Je ne voyais pas encore le prix de chaque geste.

Ma mère biologique est morte après avoir donné naissance à mon petit frère Mathieu.

Lucie, l’aînée, avait dix ans.

Moi, Camille, j’en avais huit, et j’étais une enfant maigre, fragile, toujours fatiguée avant les autres.

Antoine avait cinq ans, rond, silencieux, avec ce regard d’enfant qui cherche dans chaque pièce la personne qui ne reviendra plus.

Mathieu était bébé et ne comprenait rien.

Deux ans plus tard, mon père s’est remarié avec Marie.
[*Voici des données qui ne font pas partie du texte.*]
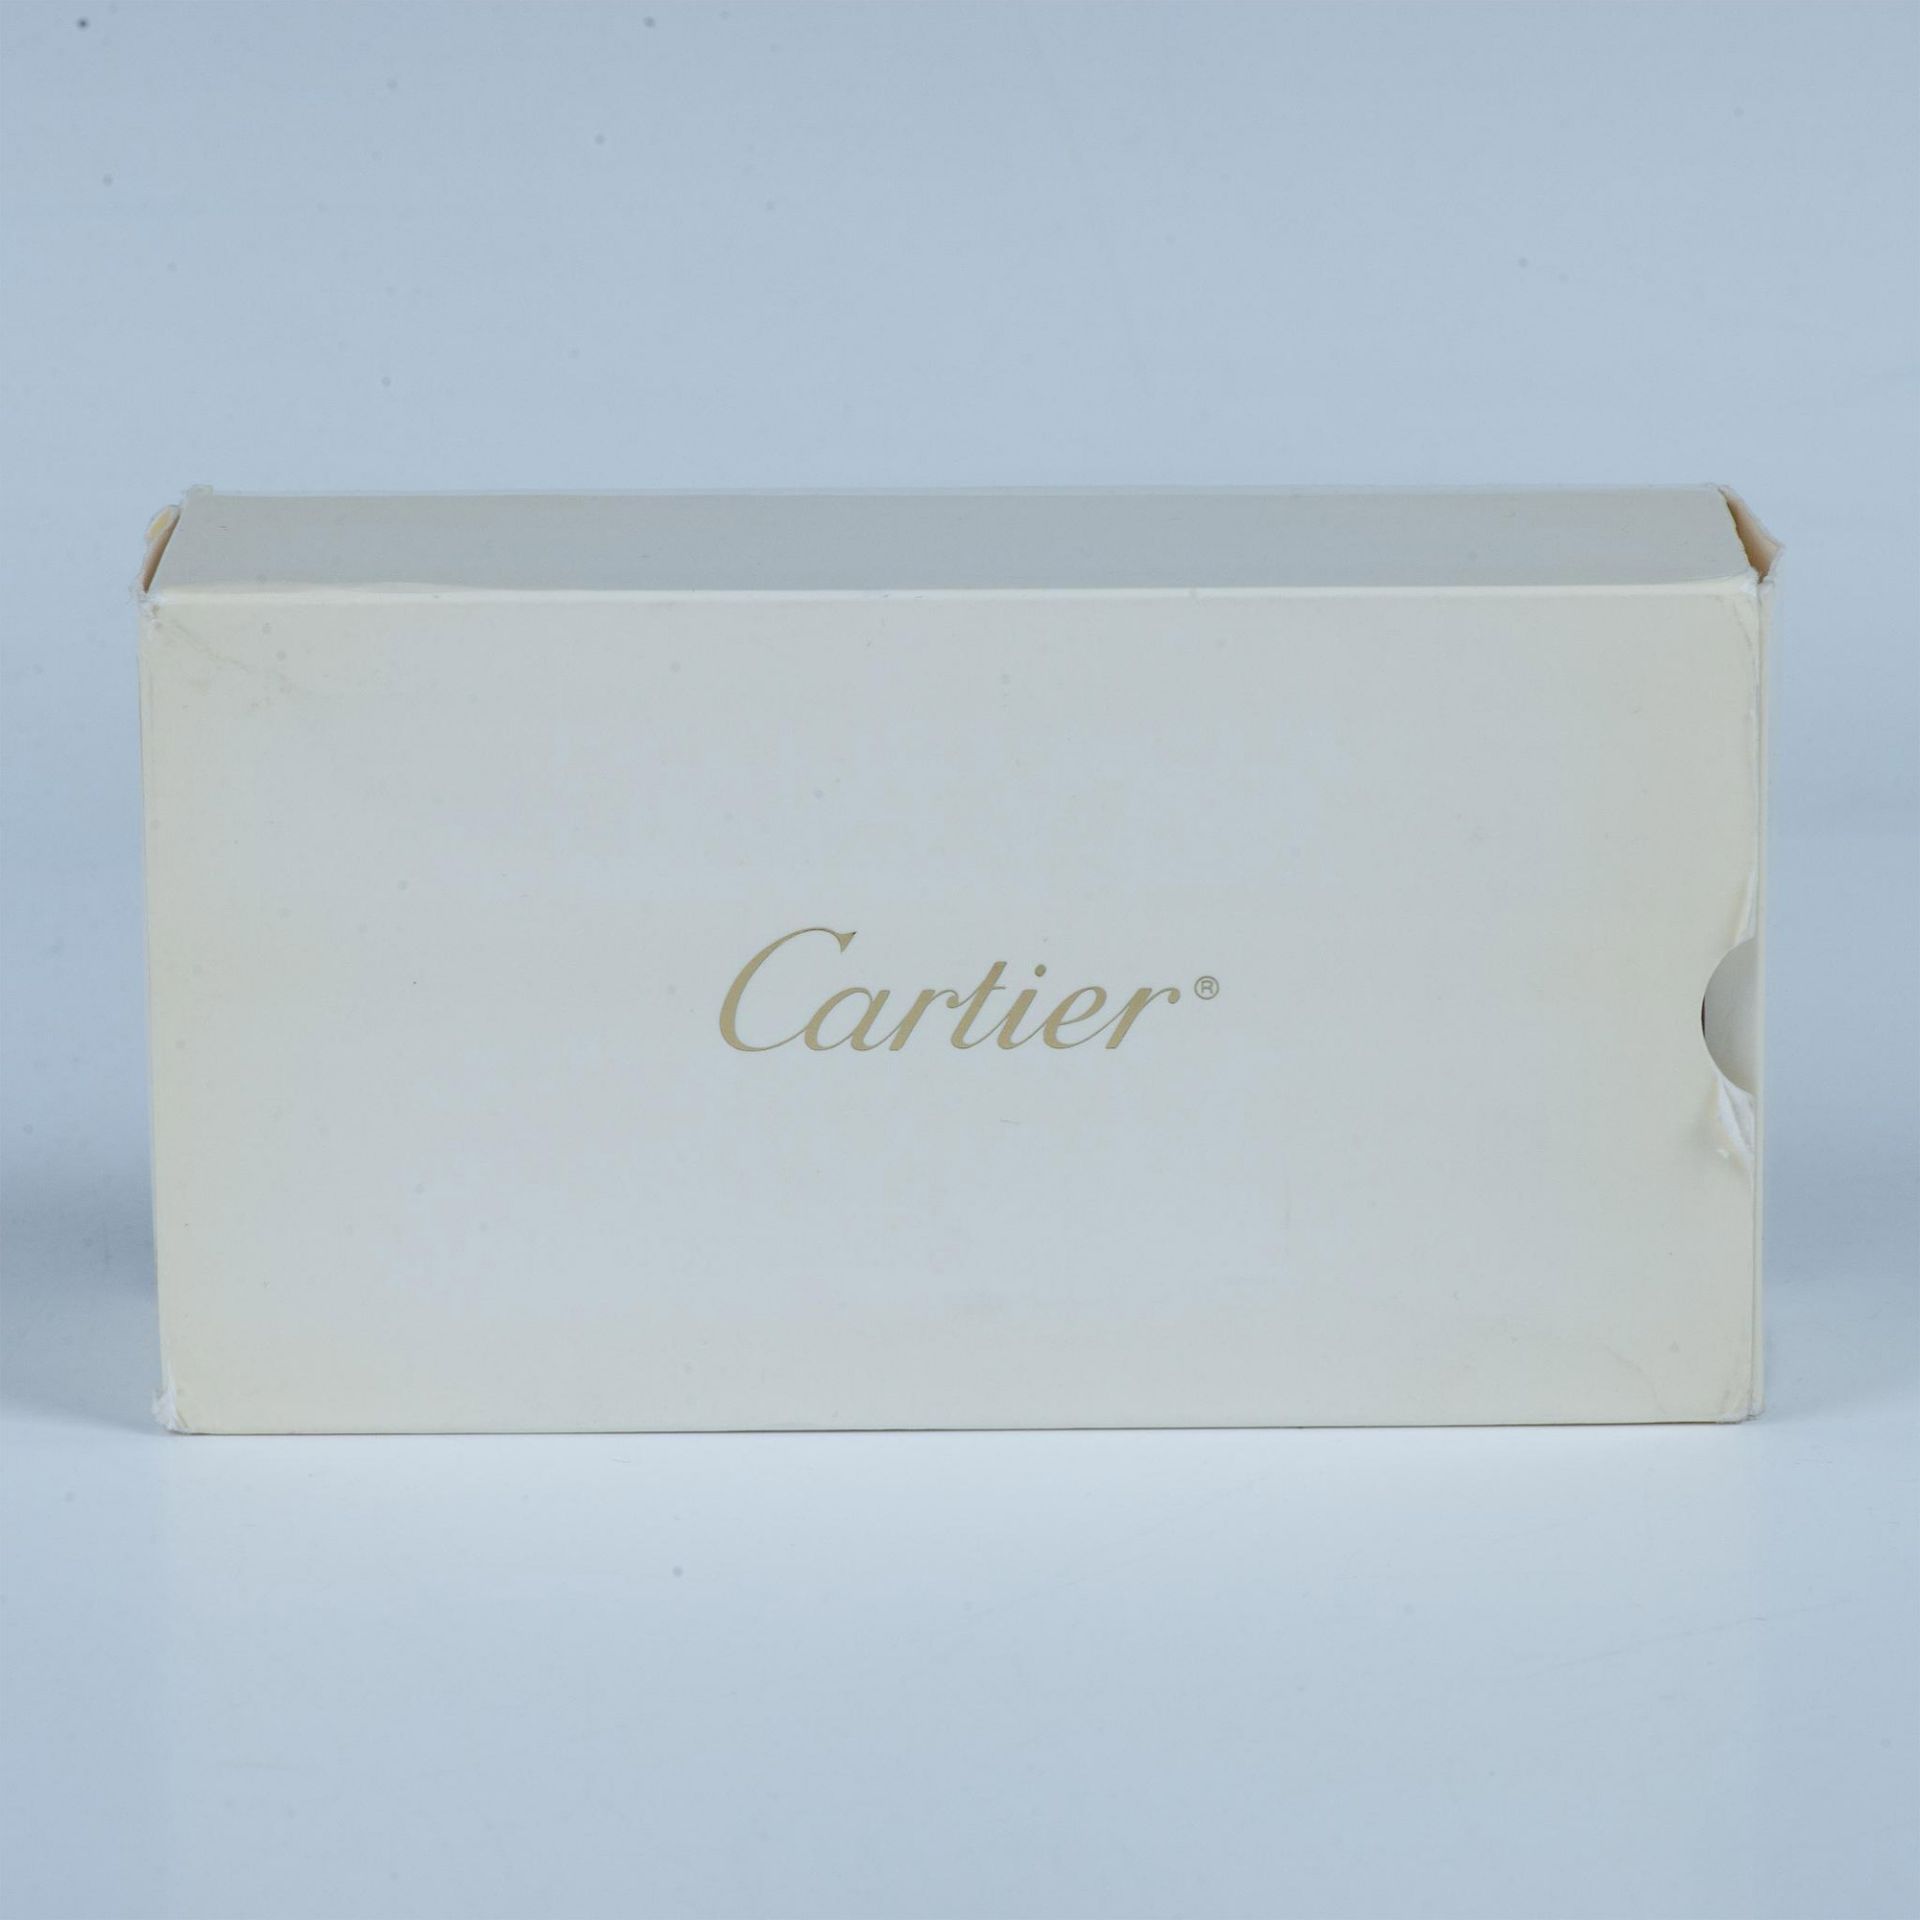 Cartier Eyeglass Frame - Image 3 of 11

Elle avait vingt-sept ans seulement.

Elle venait d’une famille respectée, elle était belle, droite, avec des cheveux sombres qu’elle attachait simplement et des mains encore douces de jeune femme qui n’avait pas prévu de vieillir trop vite.

Nous avons commencé à l’appeler maman.

Personne ne nous y a forcés.

C’est venu un matin, puis c’est resté.

Mon père partait travailler très tôt et revenait le soir, usé par la journée, avec l’odeur du froid sur son manteau et parfois du tabac accroché à son col.

Marie gardait la maison debout.

Elle préparait à manger, lavait nos vêtements, raccommodait les genoux troués, vérifiait les cahiers, nettoyait le sol, consolait Mathieu, faisait réciter Lucie et nous envoyait à l’école avec les cheveux peignés.

Nous n’avions pas grand-chose.

Mais la table était mise.

Le pain était coupé.

Les bols étaient alignés.

Une maison pauvre peut tenir longtemps quand une femme accepte de porter les murs à bout de bras.

Trois ans après son arrivée, mon père est tombé gravement malade.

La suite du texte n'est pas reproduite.